*TASK:* Nothing but the lines from the one with "Zadie Dress Leaf" through the end of the data should be set down, each exactly as written, and no picture should be included.

*DATASET CONTENT:*
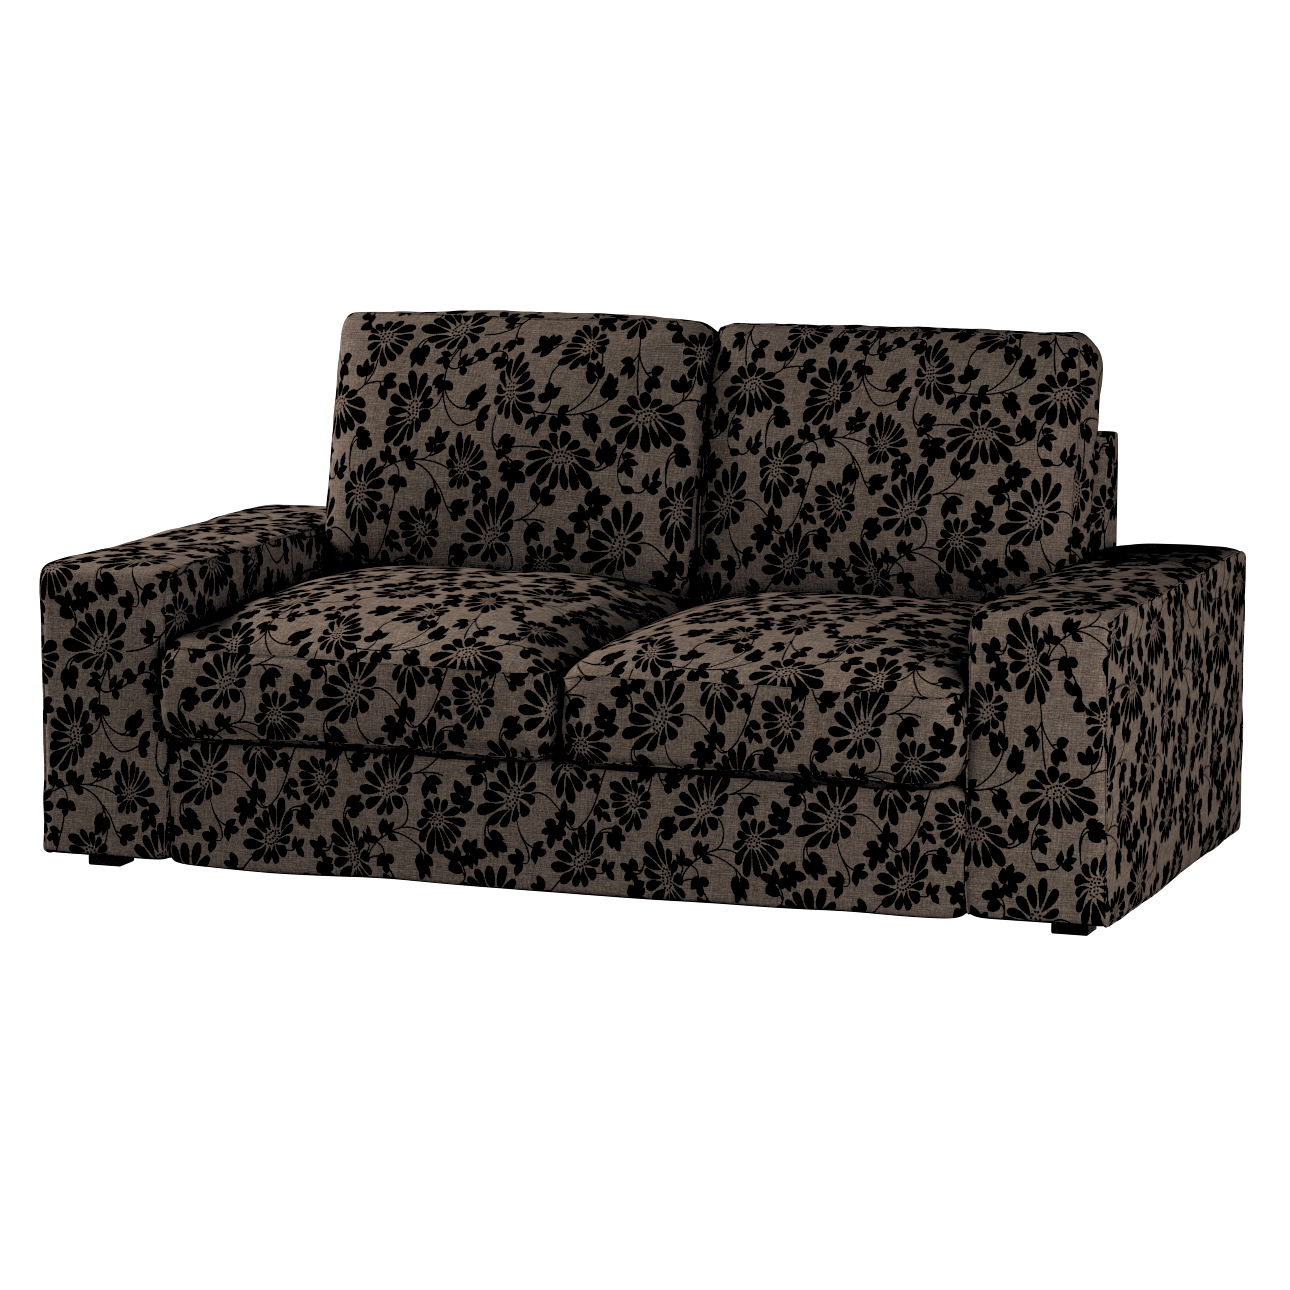 Bezug für Kivik 2-Sitzer Sofa, braun-schwarz, Bezug für Sofa Kivik 2-Sitzer günstig online kaufen
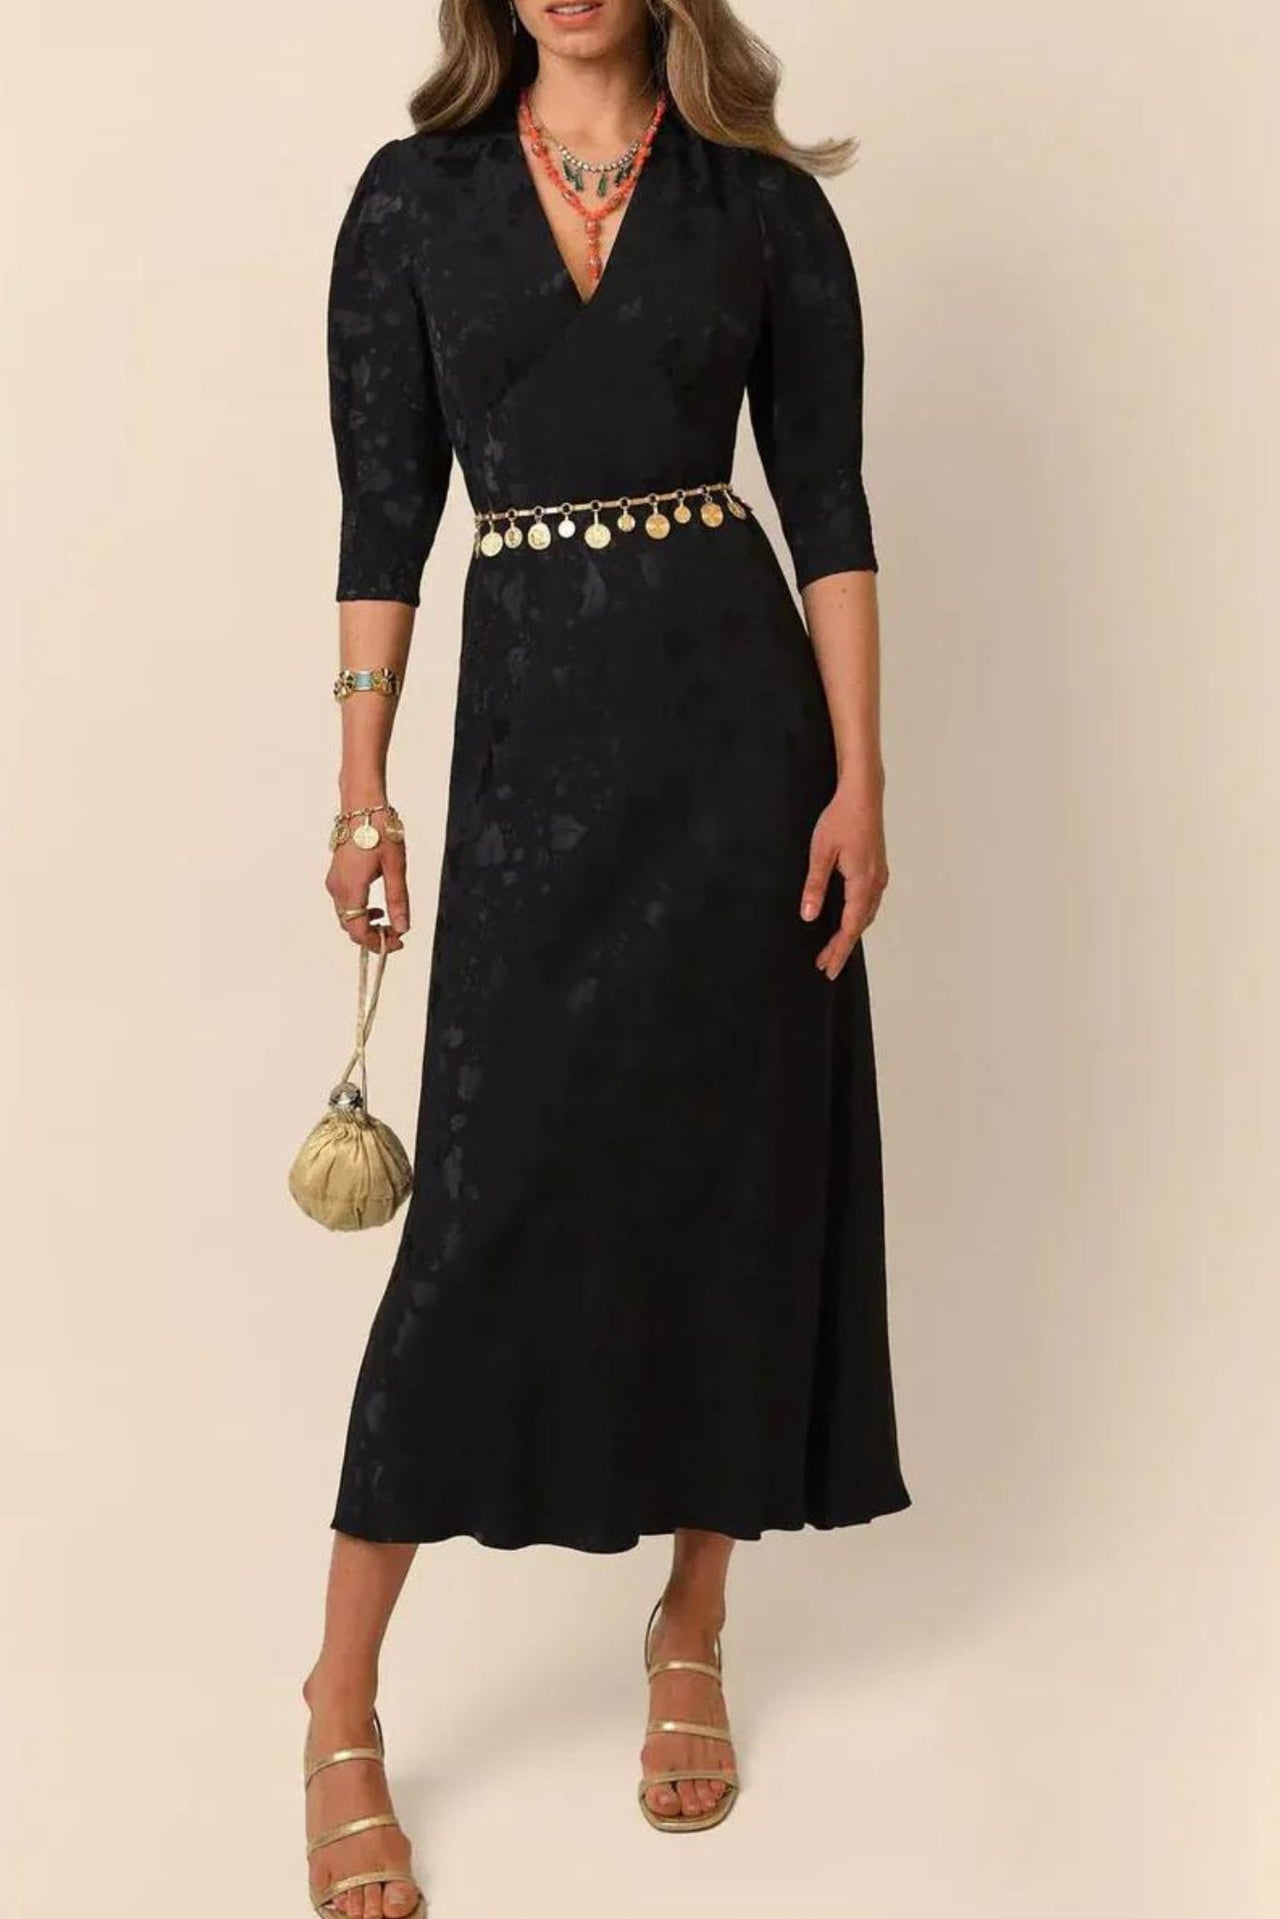 Zadie Dress Leaf Heart Black-Dress-Rixo-Debs Boutique
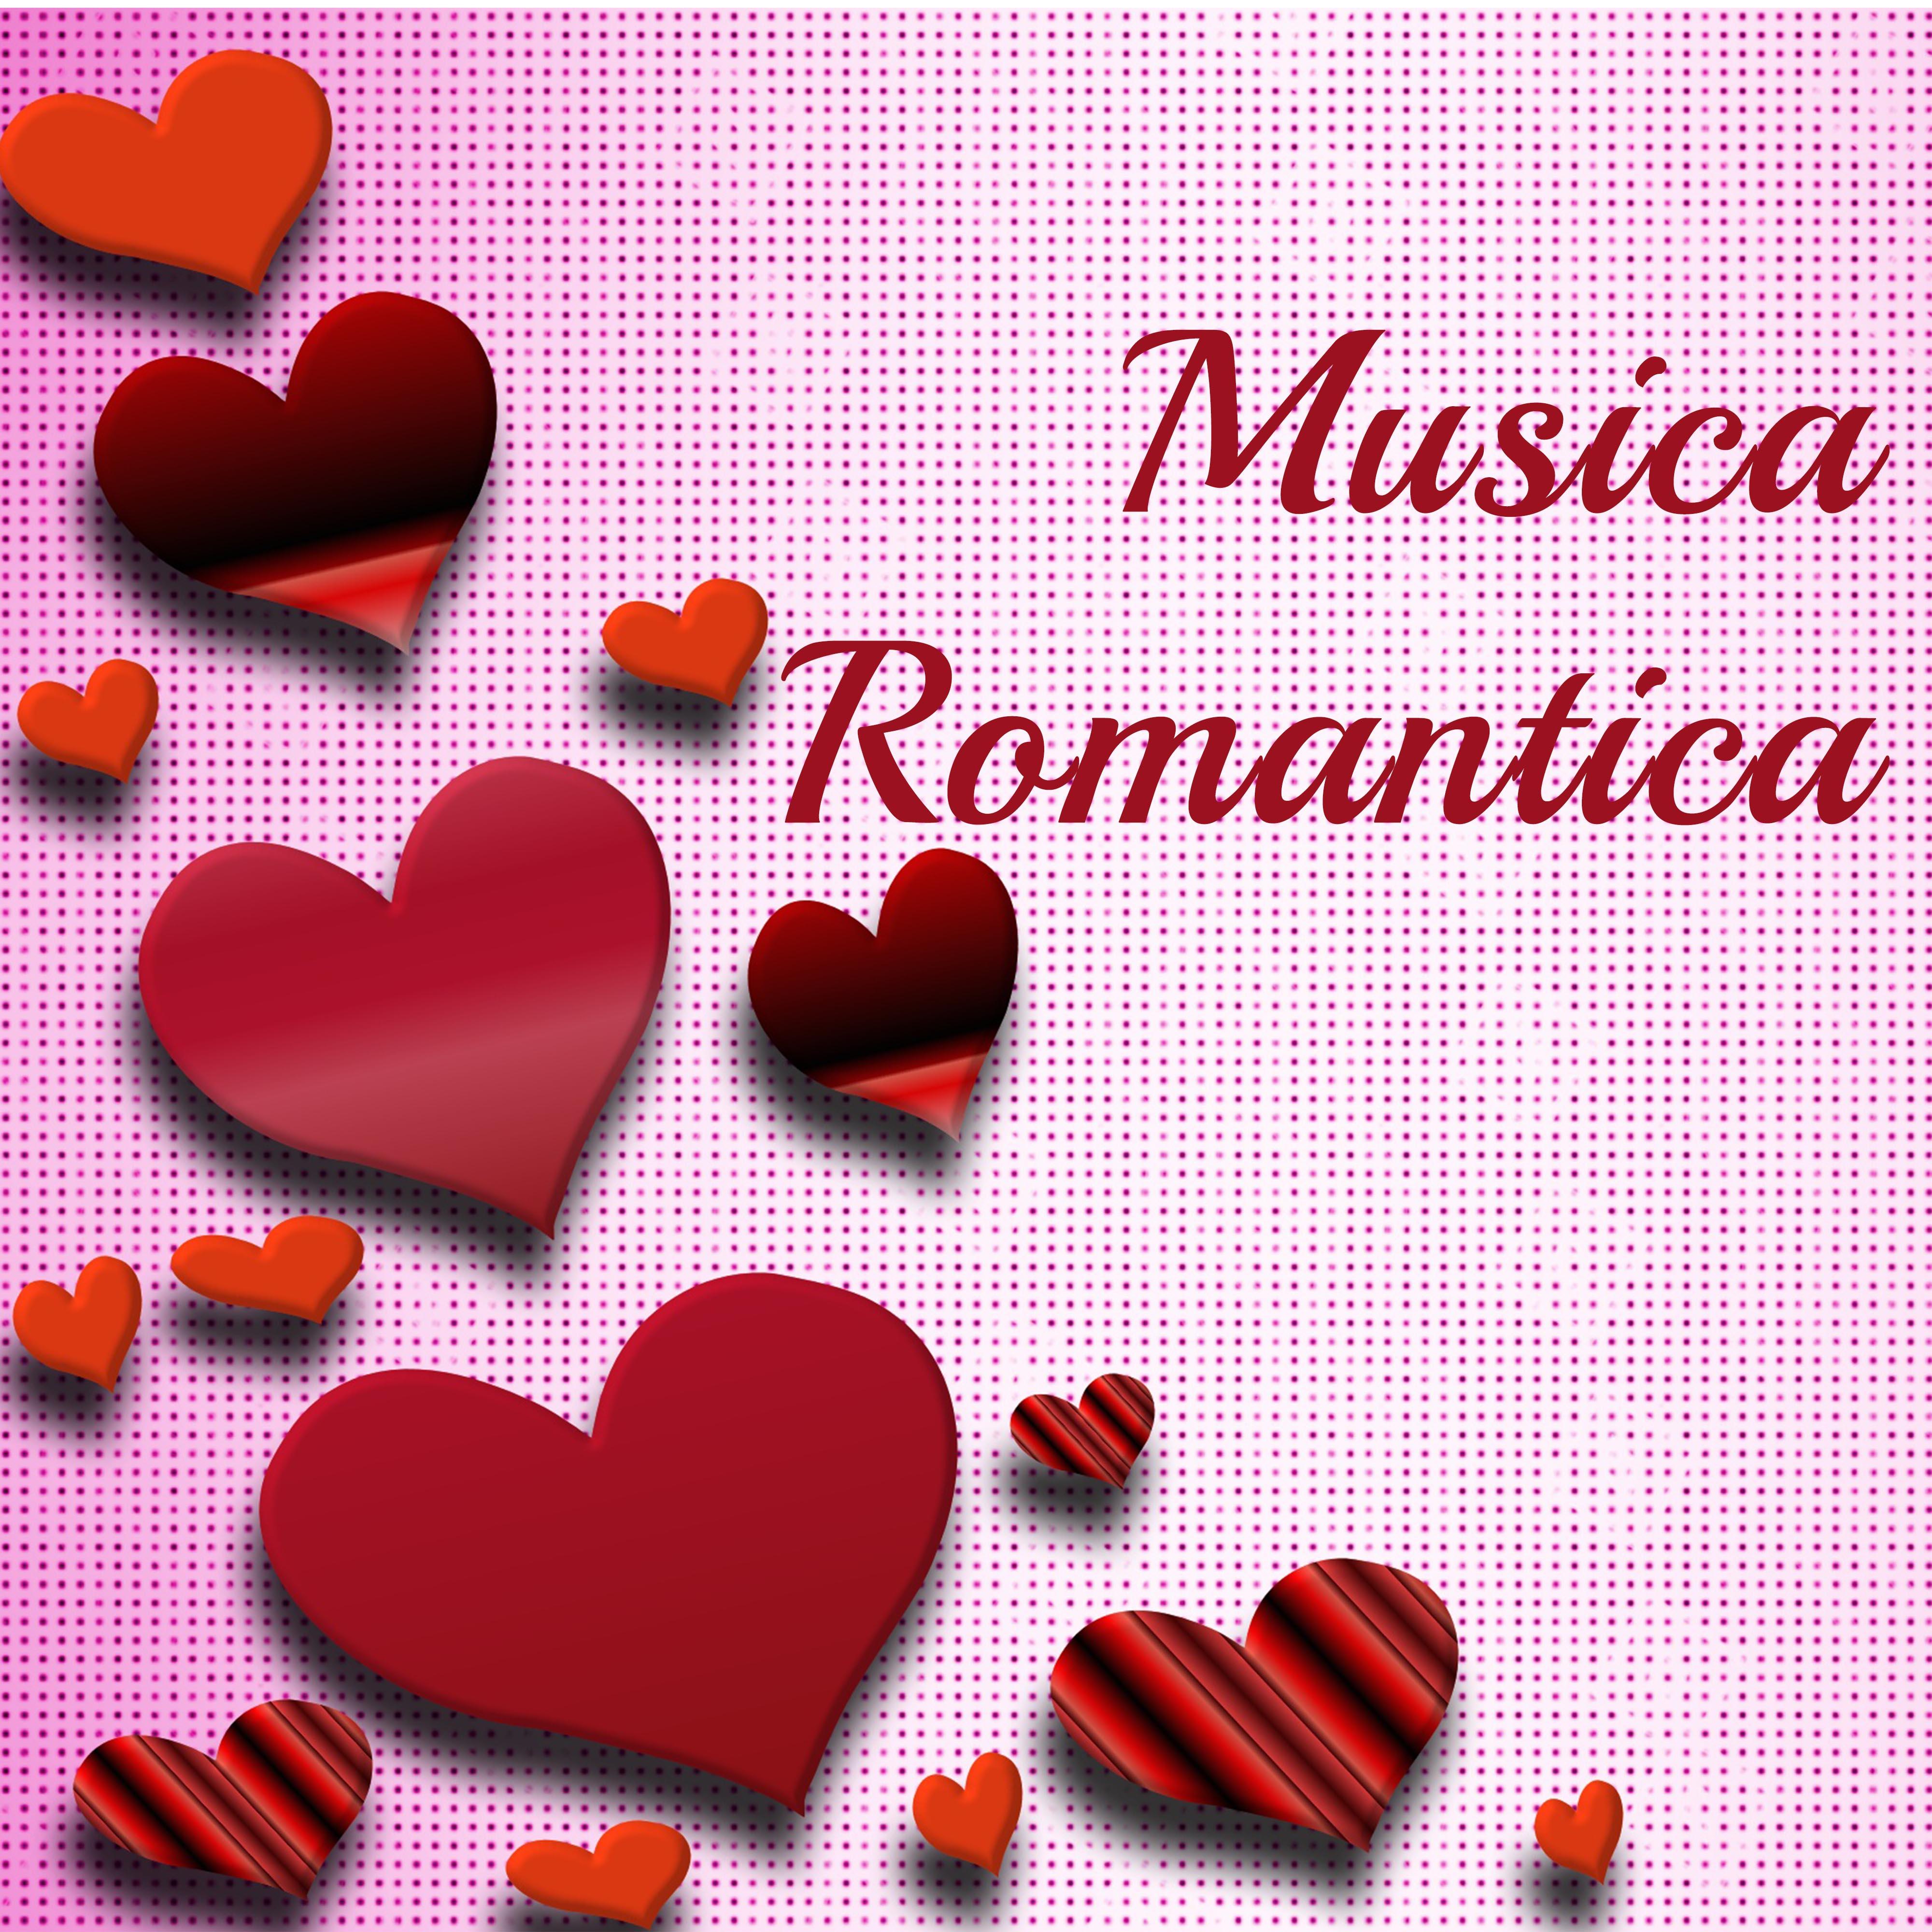 Storia d'Amore (Musica Matrimonio)

*RESULT:*
 Zadie Dress Leaf Heart Black-Dress-Rixo-Debs Boutique
 Storia d'Amore (Musica Matrimonio)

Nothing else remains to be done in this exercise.